- Opening Delimiter -
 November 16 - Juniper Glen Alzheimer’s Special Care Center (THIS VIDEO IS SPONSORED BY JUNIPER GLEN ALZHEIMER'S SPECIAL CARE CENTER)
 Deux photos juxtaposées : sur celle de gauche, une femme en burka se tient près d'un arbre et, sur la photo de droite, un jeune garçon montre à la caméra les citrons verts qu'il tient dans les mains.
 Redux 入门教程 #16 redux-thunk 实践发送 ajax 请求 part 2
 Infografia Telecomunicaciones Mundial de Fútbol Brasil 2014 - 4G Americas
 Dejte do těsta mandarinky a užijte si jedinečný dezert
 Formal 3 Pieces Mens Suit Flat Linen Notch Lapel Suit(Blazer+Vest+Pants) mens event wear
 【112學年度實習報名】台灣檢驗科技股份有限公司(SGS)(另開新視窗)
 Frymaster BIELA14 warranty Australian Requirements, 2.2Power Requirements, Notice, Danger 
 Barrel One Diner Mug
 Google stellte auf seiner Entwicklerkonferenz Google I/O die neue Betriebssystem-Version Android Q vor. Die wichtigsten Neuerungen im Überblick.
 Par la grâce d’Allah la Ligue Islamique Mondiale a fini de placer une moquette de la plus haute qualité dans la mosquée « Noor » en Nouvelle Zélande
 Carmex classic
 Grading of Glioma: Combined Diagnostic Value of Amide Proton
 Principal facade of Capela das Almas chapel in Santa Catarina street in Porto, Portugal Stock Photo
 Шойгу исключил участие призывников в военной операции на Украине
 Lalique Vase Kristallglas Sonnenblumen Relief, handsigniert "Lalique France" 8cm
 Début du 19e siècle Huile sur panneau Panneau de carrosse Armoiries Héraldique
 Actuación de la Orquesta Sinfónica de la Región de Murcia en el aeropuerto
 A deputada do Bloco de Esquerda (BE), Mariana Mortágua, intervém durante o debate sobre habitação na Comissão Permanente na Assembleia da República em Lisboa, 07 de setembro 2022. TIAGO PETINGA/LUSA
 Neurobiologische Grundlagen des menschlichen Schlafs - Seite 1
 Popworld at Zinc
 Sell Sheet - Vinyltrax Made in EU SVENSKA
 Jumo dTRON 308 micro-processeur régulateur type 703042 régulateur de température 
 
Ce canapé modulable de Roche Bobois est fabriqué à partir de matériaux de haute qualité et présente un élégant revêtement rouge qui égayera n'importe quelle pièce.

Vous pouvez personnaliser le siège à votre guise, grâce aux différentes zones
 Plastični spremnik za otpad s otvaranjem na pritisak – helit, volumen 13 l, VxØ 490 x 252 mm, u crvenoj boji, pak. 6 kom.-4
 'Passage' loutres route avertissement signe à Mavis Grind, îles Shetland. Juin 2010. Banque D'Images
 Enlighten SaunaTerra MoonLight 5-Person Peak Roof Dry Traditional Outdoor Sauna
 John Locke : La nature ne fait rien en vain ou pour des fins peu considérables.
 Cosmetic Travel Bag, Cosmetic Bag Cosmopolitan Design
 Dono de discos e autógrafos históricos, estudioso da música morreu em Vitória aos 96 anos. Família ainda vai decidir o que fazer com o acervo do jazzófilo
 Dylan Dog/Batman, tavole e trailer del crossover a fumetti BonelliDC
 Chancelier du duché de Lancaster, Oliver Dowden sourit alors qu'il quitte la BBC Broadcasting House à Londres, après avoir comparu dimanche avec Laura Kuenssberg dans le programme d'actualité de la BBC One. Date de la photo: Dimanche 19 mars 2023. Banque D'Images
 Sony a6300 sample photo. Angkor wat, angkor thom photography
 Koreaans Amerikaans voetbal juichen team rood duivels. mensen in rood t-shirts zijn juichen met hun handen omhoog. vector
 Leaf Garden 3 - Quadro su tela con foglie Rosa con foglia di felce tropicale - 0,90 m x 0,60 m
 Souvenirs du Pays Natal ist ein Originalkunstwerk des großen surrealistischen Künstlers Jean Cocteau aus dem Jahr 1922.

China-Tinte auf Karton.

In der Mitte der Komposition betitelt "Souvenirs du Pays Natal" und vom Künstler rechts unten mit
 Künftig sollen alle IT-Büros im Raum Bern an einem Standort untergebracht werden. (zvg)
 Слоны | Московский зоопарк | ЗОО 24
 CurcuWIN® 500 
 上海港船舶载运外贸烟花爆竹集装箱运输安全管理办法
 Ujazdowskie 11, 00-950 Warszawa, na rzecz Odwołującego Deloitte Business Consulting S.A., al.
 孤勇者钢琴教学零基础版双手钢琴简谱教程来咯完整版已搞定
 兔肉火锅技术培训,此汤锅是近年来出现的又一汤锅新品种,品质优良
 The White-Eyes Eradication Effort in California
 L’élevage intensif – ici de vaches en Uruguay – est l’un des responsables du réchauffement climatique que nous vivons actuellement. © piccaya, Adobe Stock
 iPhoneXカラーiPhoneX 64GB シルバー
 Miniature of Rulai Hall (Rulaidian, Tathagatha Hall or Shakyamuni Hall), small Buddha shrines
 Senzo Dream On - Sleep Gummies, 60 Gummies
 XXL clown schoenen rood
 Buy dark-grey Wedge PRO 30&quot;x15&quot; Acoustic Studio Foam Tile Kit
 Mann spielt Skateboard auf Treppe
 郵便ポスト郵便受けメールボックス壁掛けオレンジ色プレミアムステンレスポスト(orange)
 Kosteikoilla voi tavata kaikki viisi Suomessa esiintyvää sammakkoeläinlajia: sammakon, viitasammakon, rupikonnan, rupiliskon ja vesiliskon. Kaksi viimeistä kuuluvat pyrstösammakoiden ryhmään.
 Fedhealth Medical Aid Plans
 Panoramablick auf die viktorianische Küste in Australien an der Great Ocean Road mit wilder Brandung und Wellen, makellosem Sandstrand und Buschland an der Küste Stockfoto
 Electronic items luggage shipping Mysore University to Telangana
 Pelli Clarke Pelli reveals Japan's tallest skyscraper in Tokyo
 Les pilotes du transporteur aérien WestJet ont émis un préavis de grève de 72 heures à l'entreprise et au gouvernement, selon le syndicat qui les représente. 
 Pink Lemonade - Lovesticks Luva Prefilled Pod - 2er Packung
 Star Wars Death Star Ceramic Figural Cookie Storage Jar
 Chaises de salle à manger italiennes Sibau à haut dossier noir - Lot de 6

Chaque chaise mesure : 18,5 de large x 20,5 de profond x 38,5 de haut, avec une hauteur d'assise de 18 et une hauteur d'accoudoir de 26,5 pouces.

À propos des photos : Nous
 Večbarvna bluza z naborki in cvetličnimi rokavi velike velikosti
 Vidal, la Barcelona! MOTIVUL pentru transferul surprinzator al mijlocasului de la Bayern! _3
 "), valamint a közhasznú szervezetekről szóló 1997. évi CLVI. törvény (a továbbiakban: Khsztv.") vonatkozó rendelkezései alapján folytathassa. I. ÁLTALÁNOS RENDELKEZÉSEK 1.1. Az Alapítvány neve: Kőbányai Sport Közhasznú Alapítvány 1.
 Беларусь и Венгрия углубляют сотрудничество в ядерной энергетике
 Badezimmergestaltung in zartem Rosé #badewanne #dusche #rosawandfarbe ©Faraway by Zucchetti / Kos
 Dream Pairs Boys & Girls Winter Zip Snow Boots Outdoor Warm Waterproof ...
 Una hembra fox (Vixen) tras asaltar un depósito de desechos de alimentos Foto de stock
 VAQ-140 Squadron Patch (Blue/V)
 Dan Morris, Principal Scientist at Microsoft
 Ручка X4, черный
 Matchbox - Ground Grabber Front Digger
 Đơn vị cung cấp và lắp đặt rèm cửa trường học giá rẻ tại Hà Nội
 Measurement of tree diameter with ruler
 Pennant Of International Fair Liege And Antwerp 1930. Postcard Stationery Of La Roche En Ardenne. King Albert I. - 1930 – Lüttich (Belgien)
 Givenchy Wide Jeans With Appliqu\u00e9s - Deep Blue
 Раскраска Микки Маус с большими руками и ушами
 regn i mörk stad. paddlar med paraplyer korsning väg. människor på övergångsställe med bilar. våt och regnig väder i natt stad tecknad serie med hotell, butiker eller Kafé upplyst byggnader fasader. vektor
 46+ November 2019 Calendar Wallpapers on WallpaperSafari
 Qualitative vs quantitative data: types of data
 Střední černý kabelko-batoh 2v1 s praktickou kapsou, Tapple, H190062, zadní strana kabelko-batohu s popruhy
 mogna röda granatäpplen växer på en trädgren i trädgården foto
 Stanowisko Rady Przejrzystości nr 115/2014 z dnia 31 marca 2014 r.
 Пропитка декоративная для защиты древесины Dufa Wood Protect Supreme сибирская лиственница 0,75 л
- Closing Delimiter -
Filter the lines above so that only those with the string "Blue" remain, then copy them.

 VAQ-140 Squadron Patch (Blue/V)
 Givenchy Wide Jeans With Appliqu\u00e9s - Deep Blue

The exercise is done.